The landscape of Intensive Care Medicine (ICM) is one of constant tension between the urgent need for standardized, evidence-based protocols and the profound biological and clinical heterogeneity of the patients we treat. The presentations of critically ill patients are a complex tapestry woven from unique genetic backgrounds, diverse comorbidities, varying sites and types of infection, and vastly different host immune responses. This inherent variability is the fundamental challenge that confronts every intensivist at the bedside (1). While large-scale randomized controlled trials (RCTs) and meta-analyses provide the essential scaffolding for our practice, they often obscure the individual patient narrative, generating population-level evidence that may not fit the unique circumstances of a specific case. It is within this gap between the generalizable knowledge of RCTs and the nuanced reality of individual patient care that the humble case report finds its powerful and enduring voice.

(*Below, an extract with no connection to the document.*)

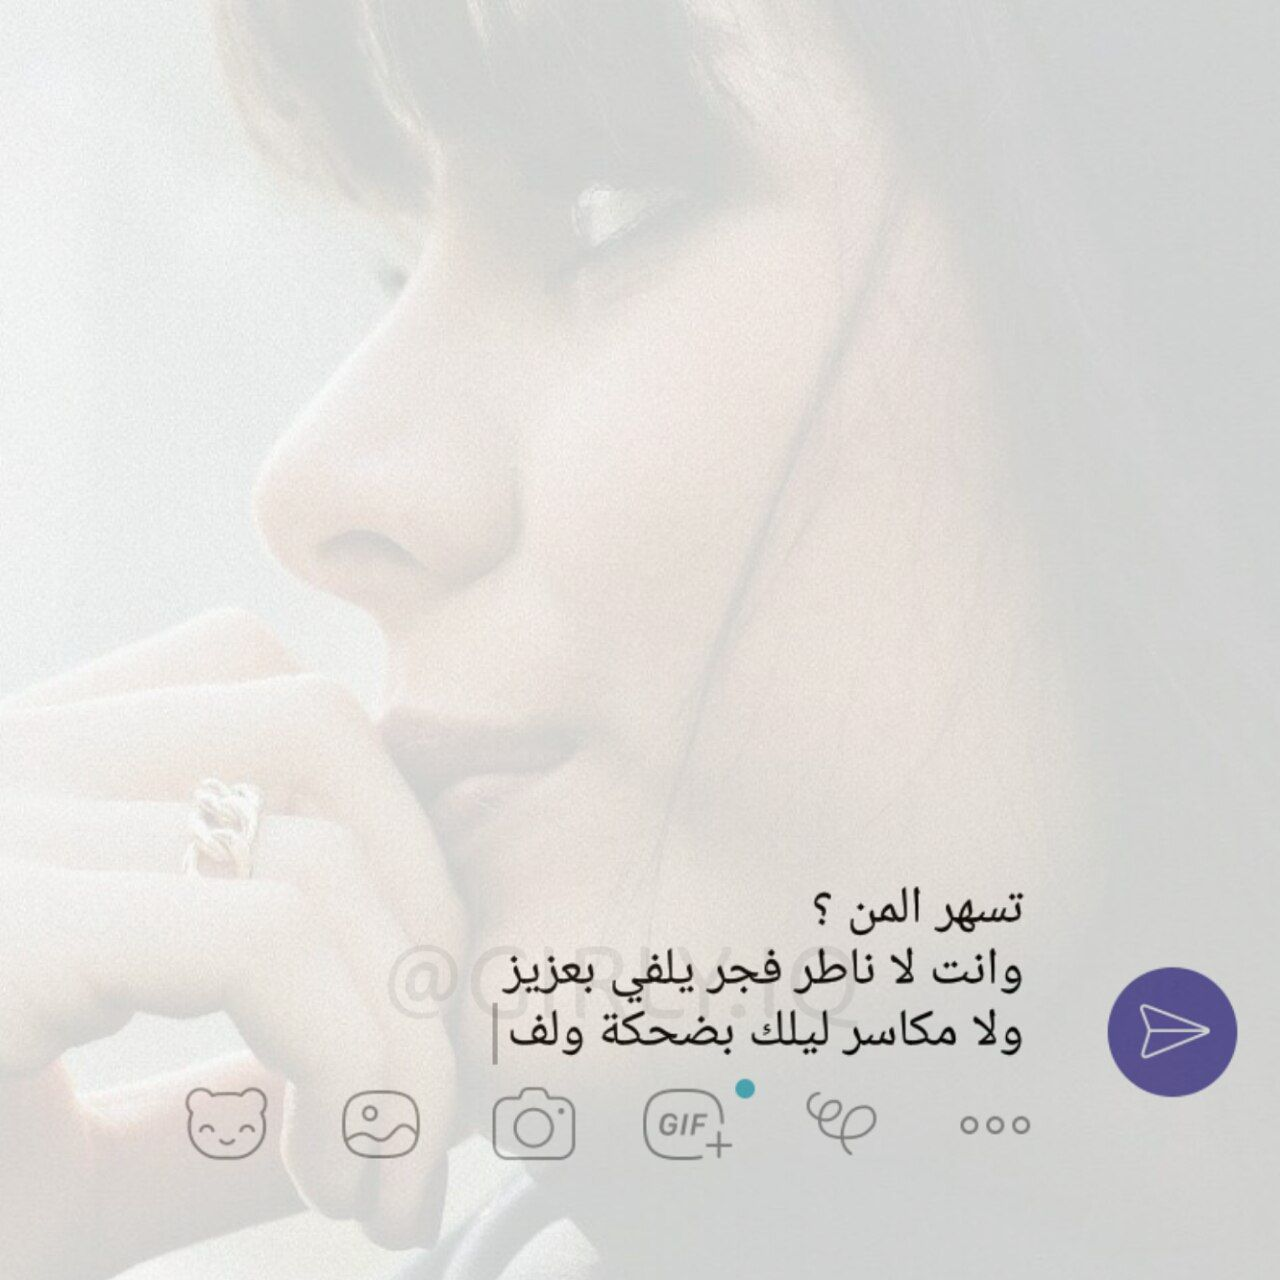 خايب بالي يمك والسهر رايدله بال Arabic Quotes Qoutes Quotes

This Frontiers in Medicine Research Topic, “Case reports in intensive care medicine 2025,” was conceived with this very principle in mind. Our goal was to curate a collection of clinical narratives that not only inform and educate but also illuminate the path toward a more personalized, precise future for critical care. The 11 manuscripts accepted for this Research Topic serve as compelling testaments to the diversity of critical illness. They chronicle diagnostic dilemmas, innovative therapeutic maneuvers, unexpected complications, and hard-won clinical victories. More importantly, they argue persuasively for an evolution in our approach from a model of “one-size-fits-all” to one of “right treatment, for the right patient, at the right time.”
The unyielding challenge of heterogeneity in the ICU
The quest for standardization in ICM is understandable. Protocols for sepsis management, ventilator liberation, and nutrition delivery bring order to chaos and have undoubtedly improved overall outcomes. However, the limitations of this approach become starkly apparent when faced with the biological reality of critical illness (2). Two patients with identical Sequential Organ Failure Assessment (SOFA) scores may have arrived at that point through entirely different pathophysiological pathways and may possess dramatically different capacities for recovery (3).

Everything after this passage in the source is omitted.